I'm worried about funny corner cases. Suppose fd1 and fd2 refer to
two separate struct files for the same inode. Then do this:
addr1 = mmap(fd1);
addr2 = mmap(fd2);
*addr2 = 0; <-- calls page_mkwrite
munmap(addr1);
close(fd1);
sleep(10);
*addr2 = 1; <-- probably does not call page_mkwrite
munmap(addr2);
close(fd2);
Without extra care, the file timestamp will be ten seconds too early.
To make this work, ext4 would need to keep track of which vma is
dirty, which would involve a lot more complexity.
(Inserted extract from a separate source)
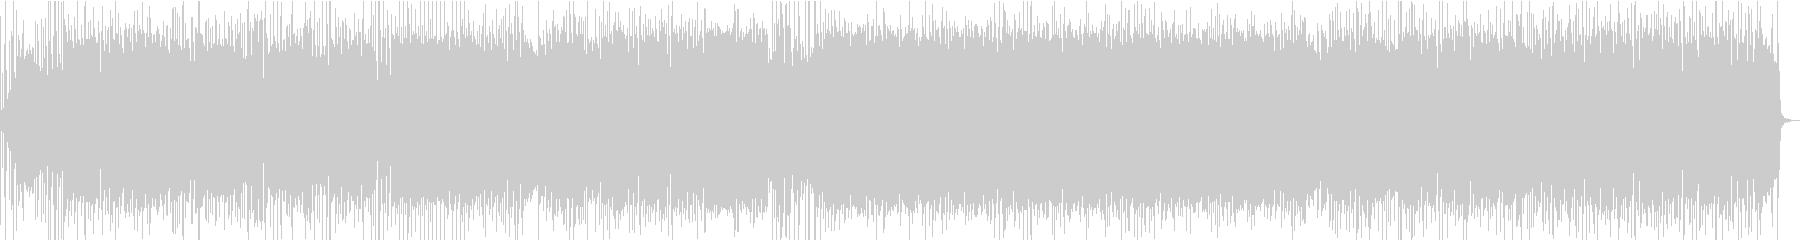 サイケ・ファンク・ロックに竹横笛メロディの未再生の波形
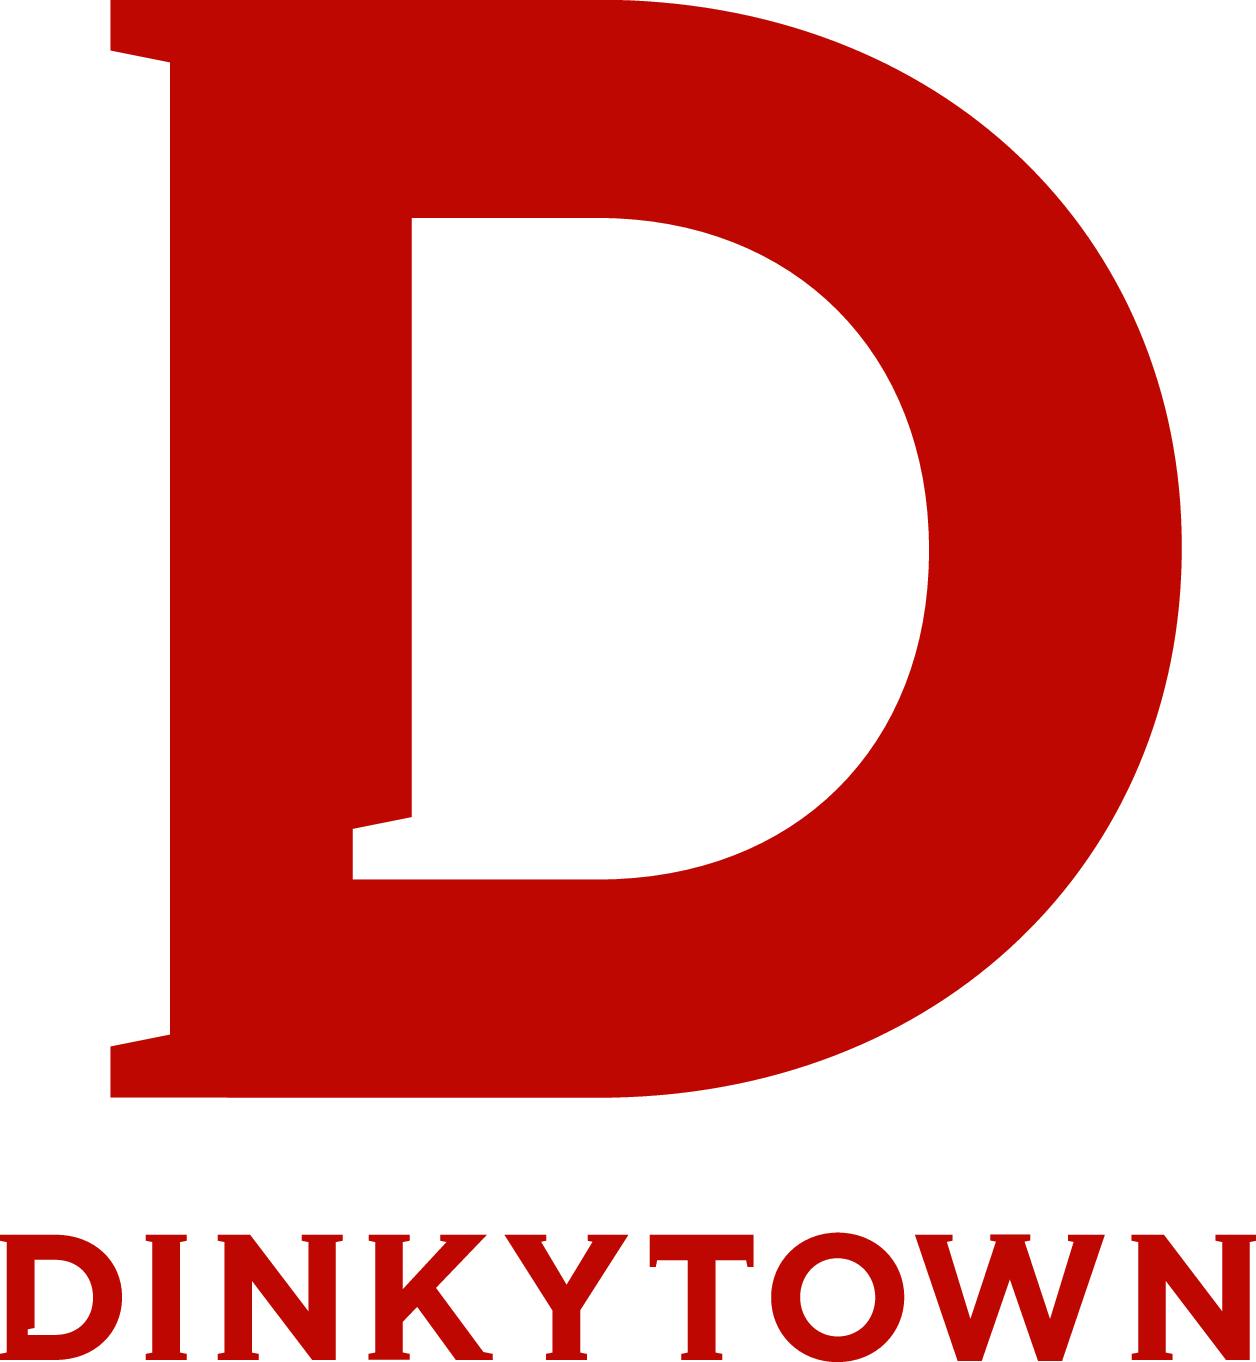 Dinkytown.jpg

Alternatively, ext4
could call page_mkclean on all pages in the mapping in
ext4_release_file, but that would suck for performance. (Actually,
that would probably be awful for my workload -- I have a background
task that periodically opens and (critically) closes the same files
that are mmaped in real-time thread, and all those extra tlb flushes
and page faults would hurt.)
The approach in my patches magically avoids this problem by using the
per-pte dirty bit as opposed to anything that's per page. :)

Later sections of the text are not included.